------ RECORDED INFORMATION

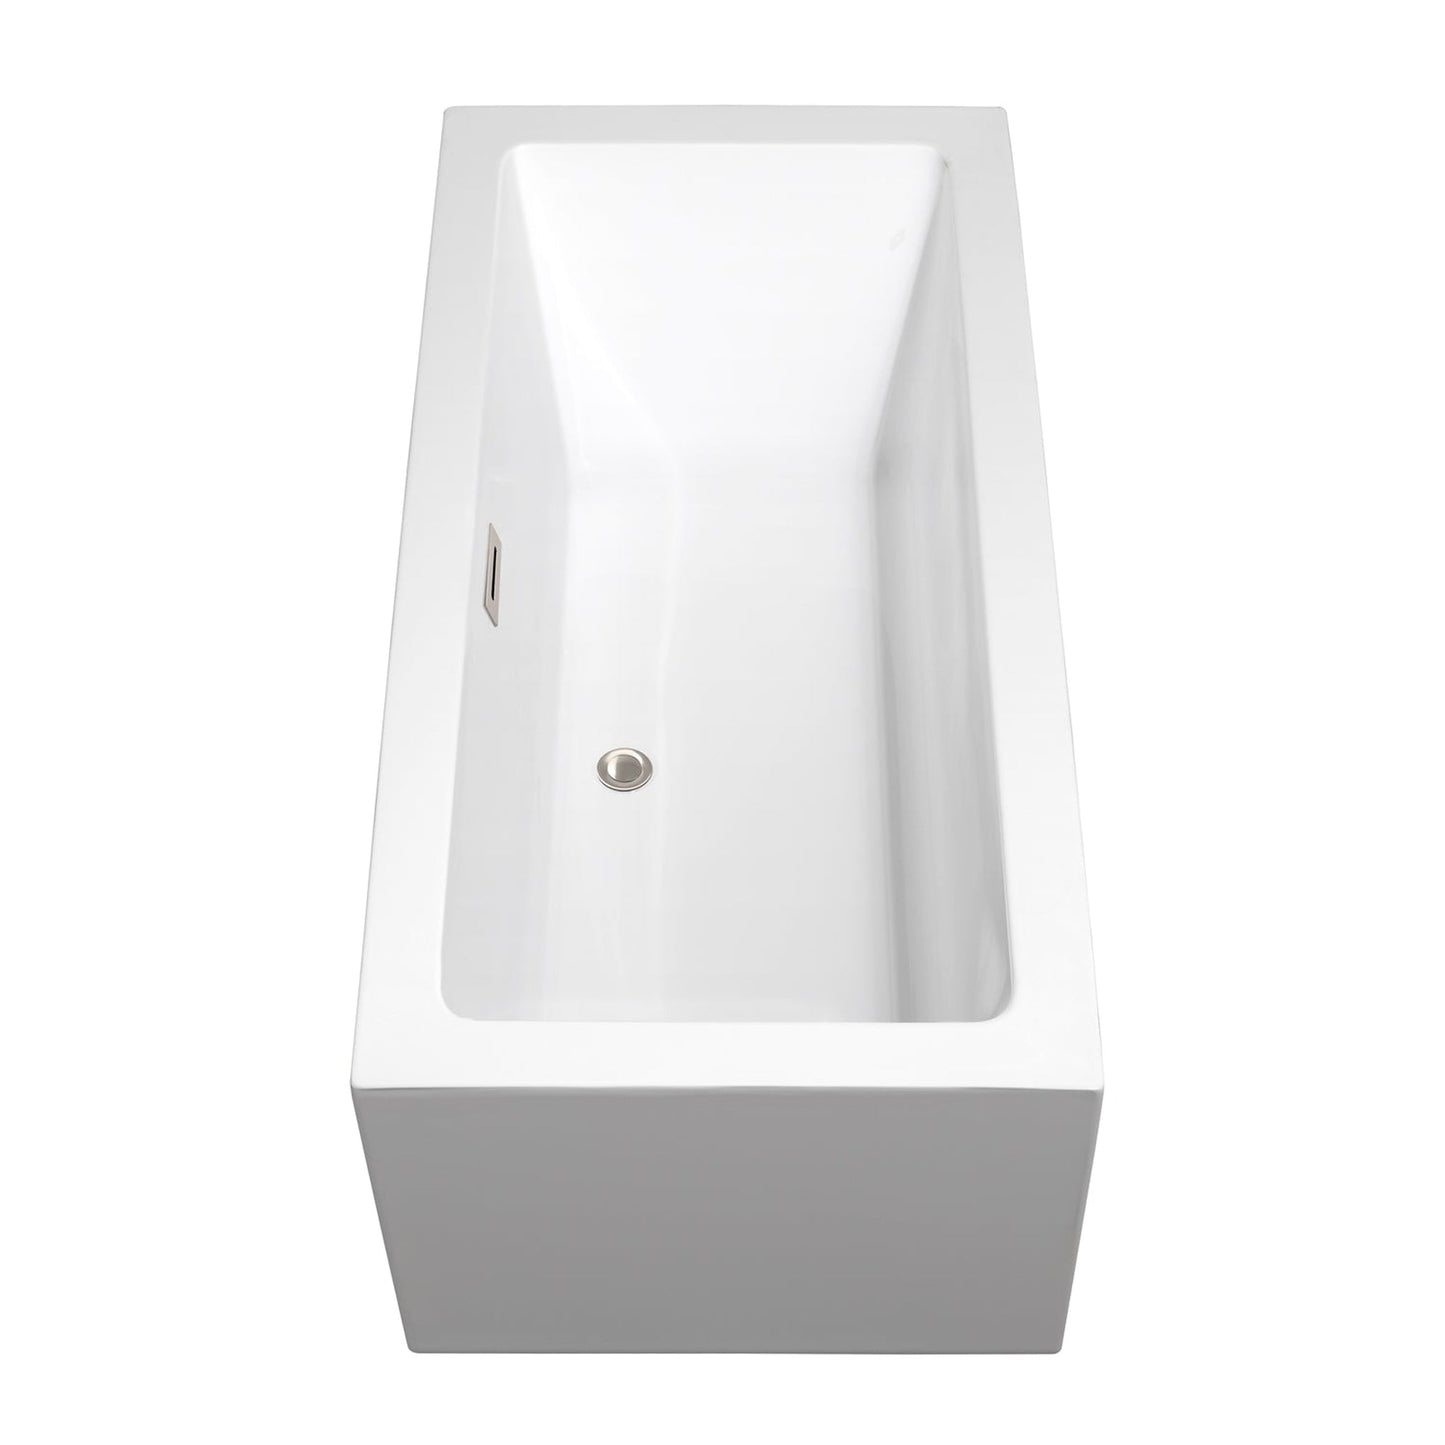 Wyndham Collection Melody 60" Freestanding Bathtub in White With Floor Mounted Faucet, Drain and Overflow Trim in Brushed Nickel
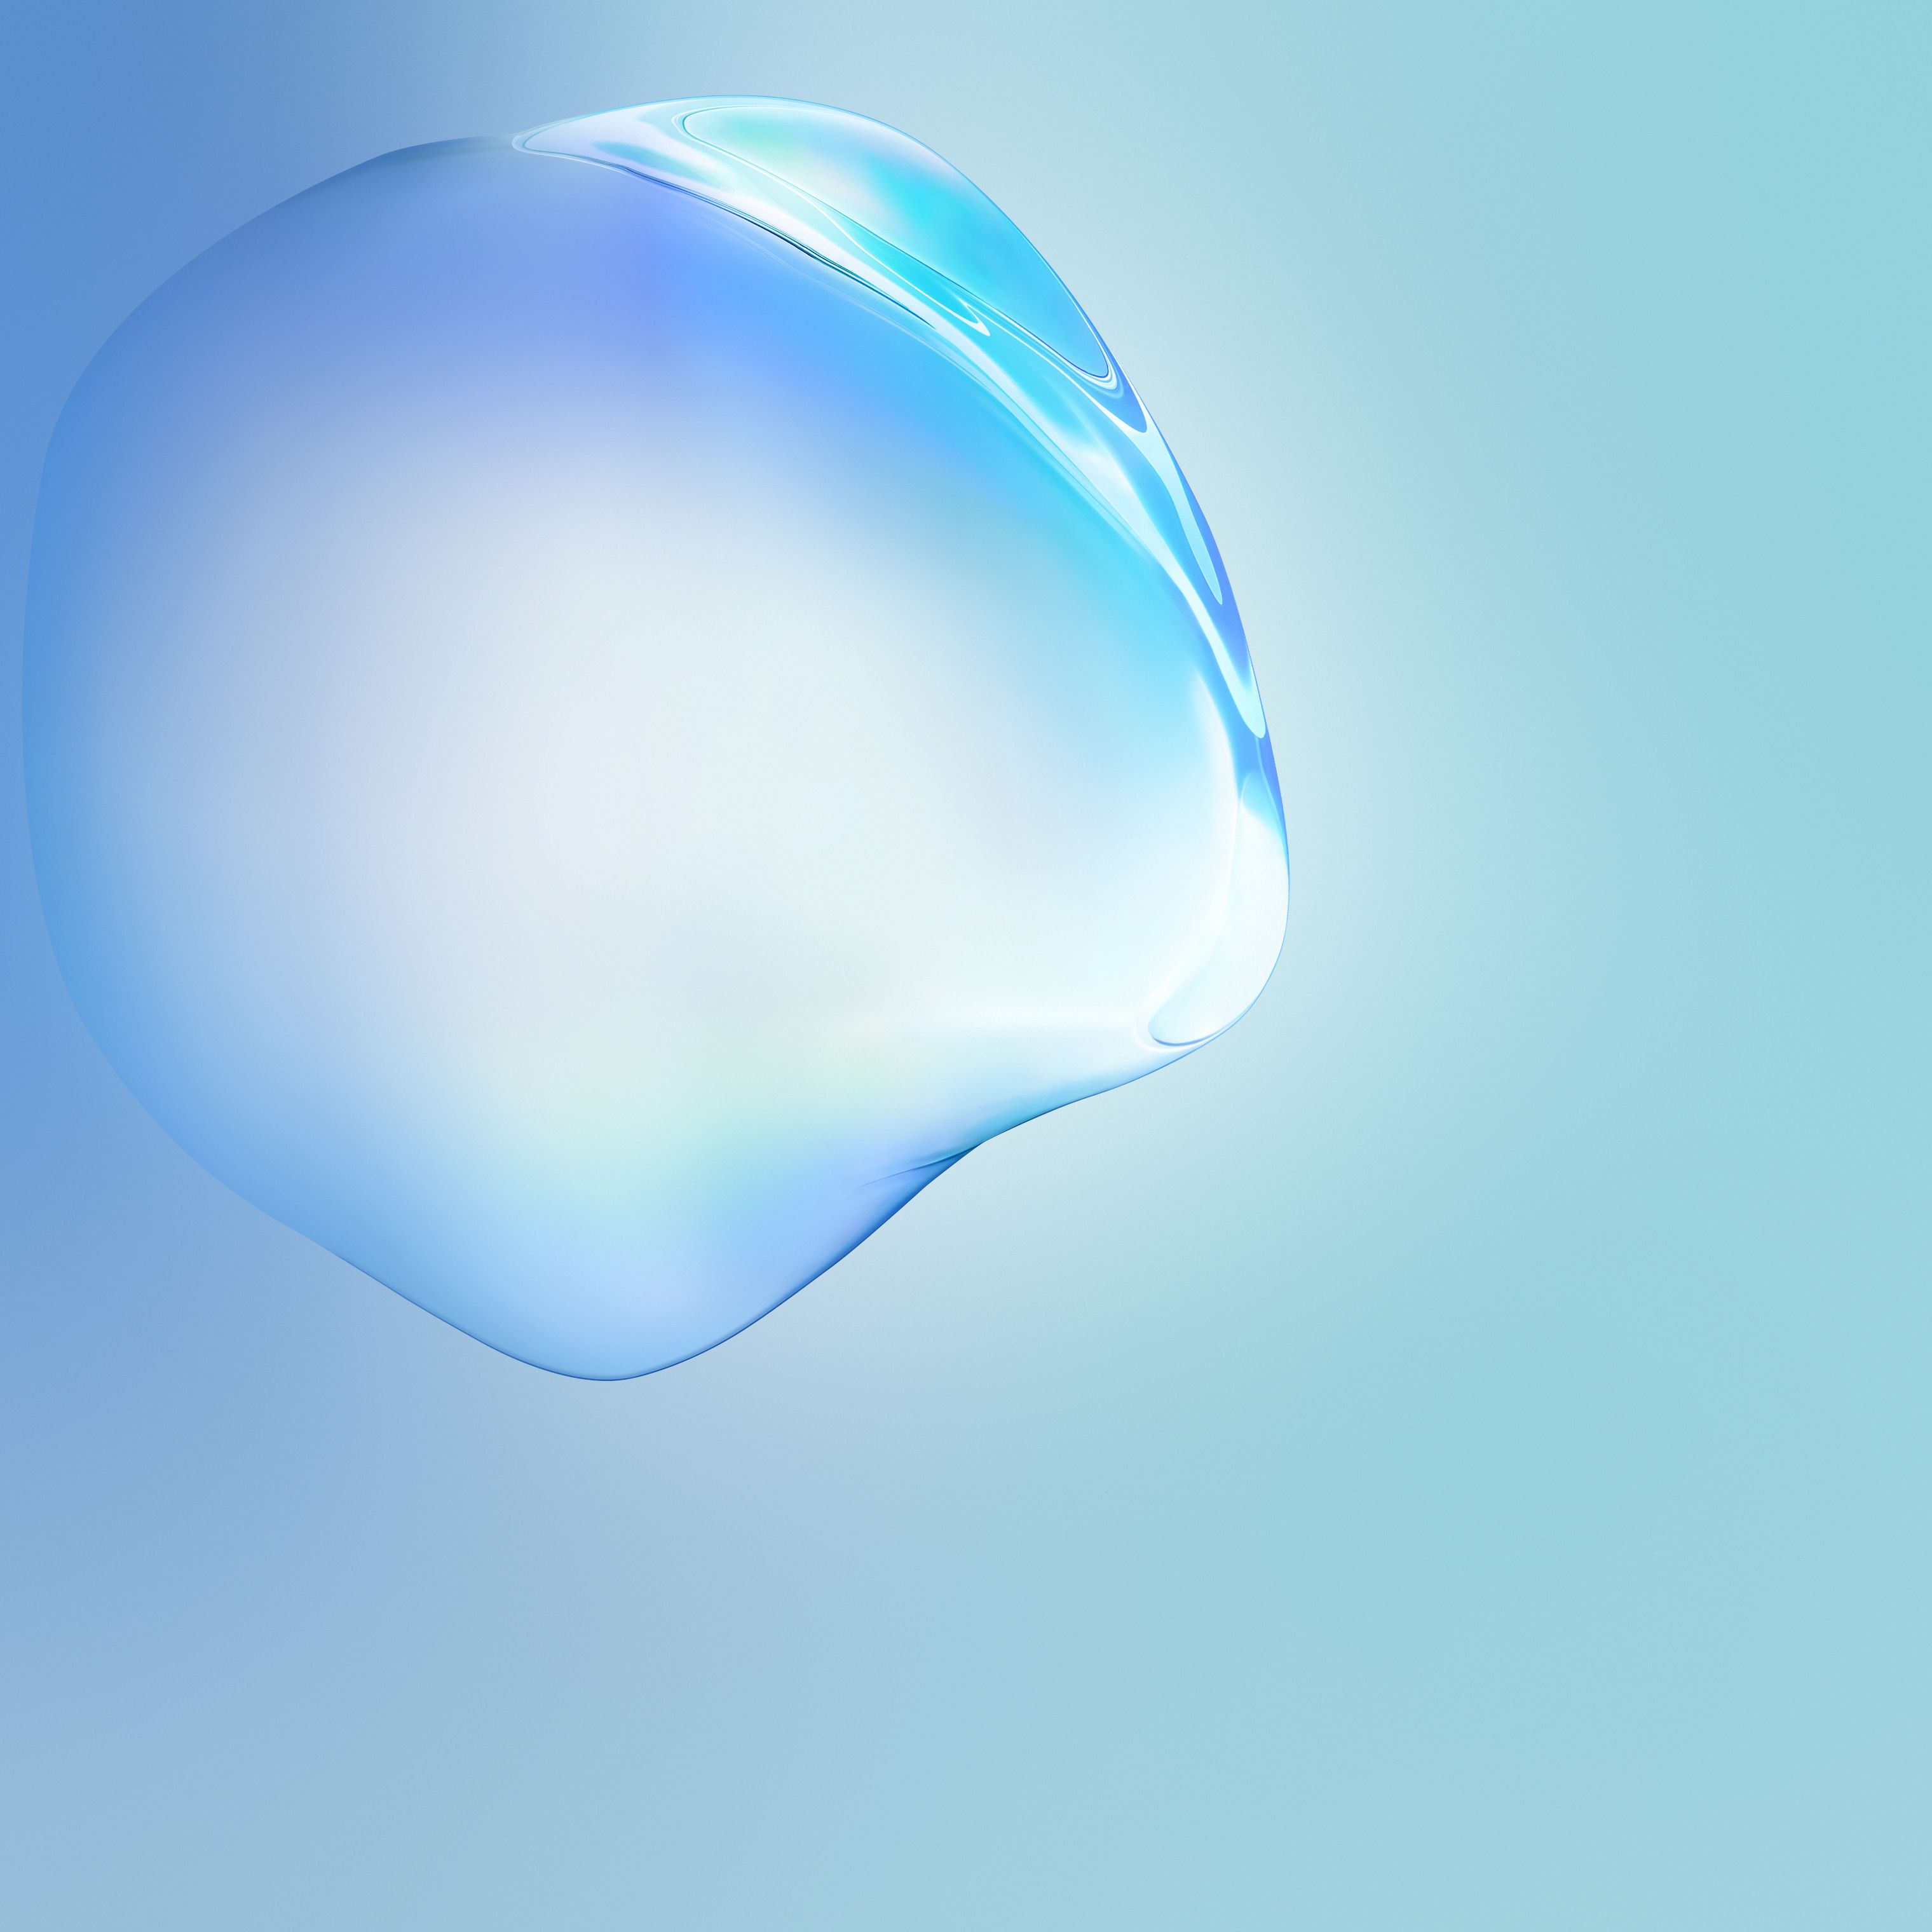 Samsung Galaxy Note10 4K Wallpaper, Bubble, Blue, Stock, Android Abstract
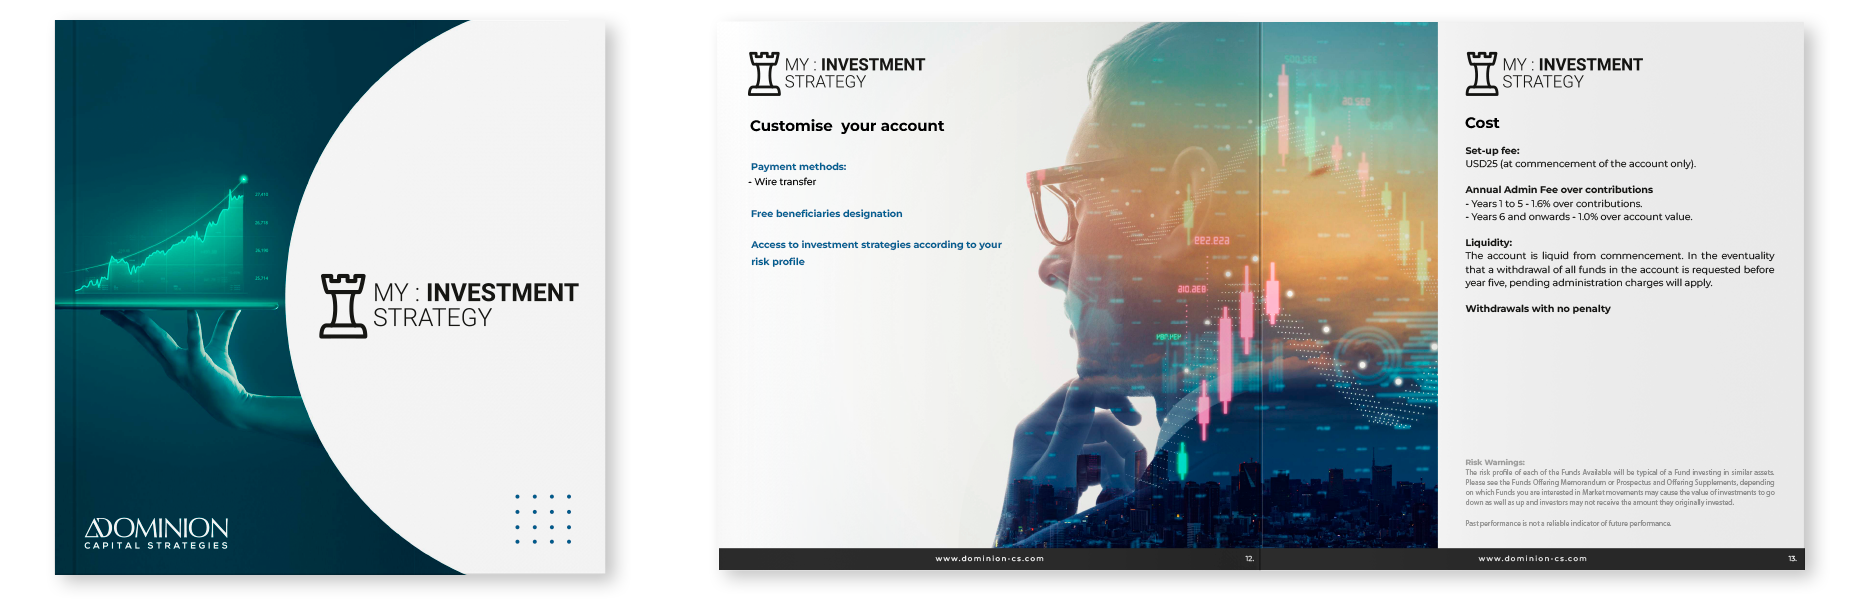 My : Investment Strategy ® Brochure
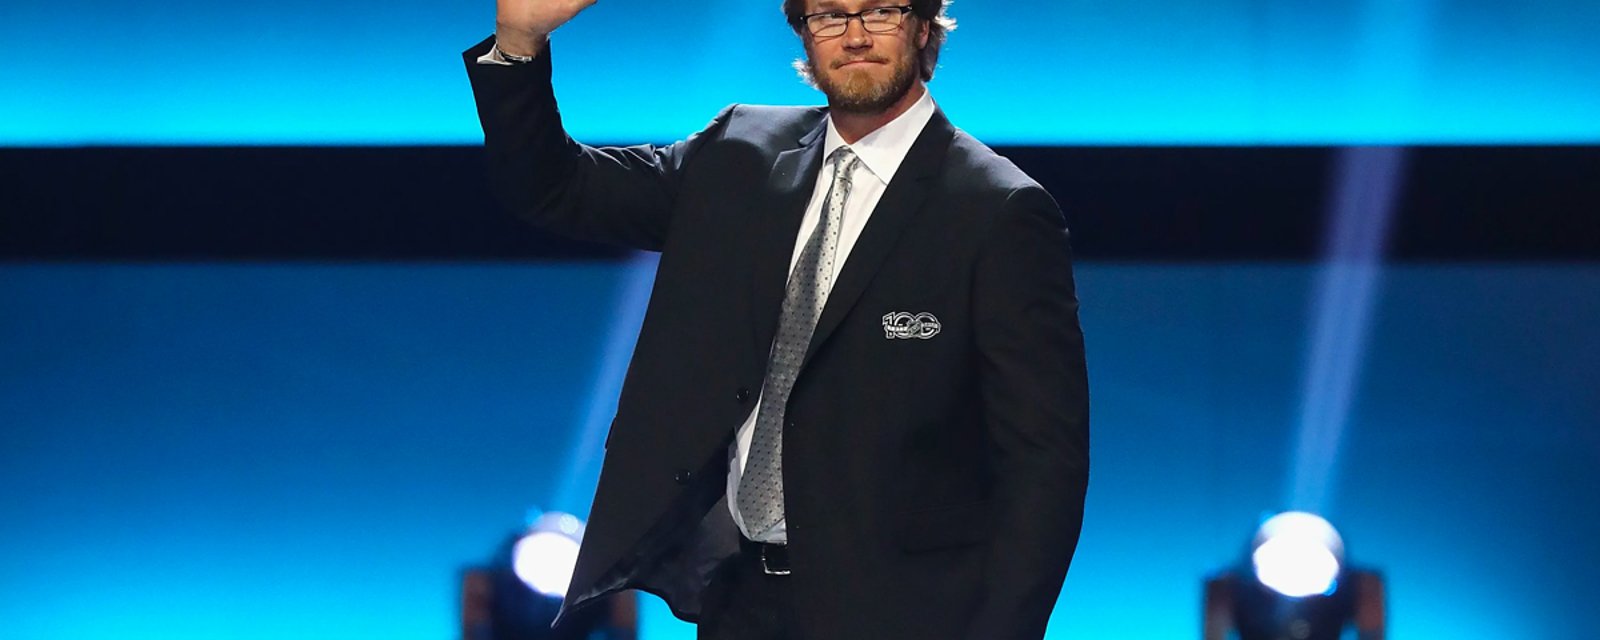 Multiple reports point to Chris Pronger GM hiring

------------

** INSTRUCTIONS TO FOLLOW **
Set down exactly the lines between the one with "My : Investment Strategy ® Brochure" and the last line of the material above, both included, but none of the pictures.

** ANSWER TO THE PROBLEM **
 My : Investment Strategy ® Brochure
 Multiple reports point to Chris Pronger GM hiring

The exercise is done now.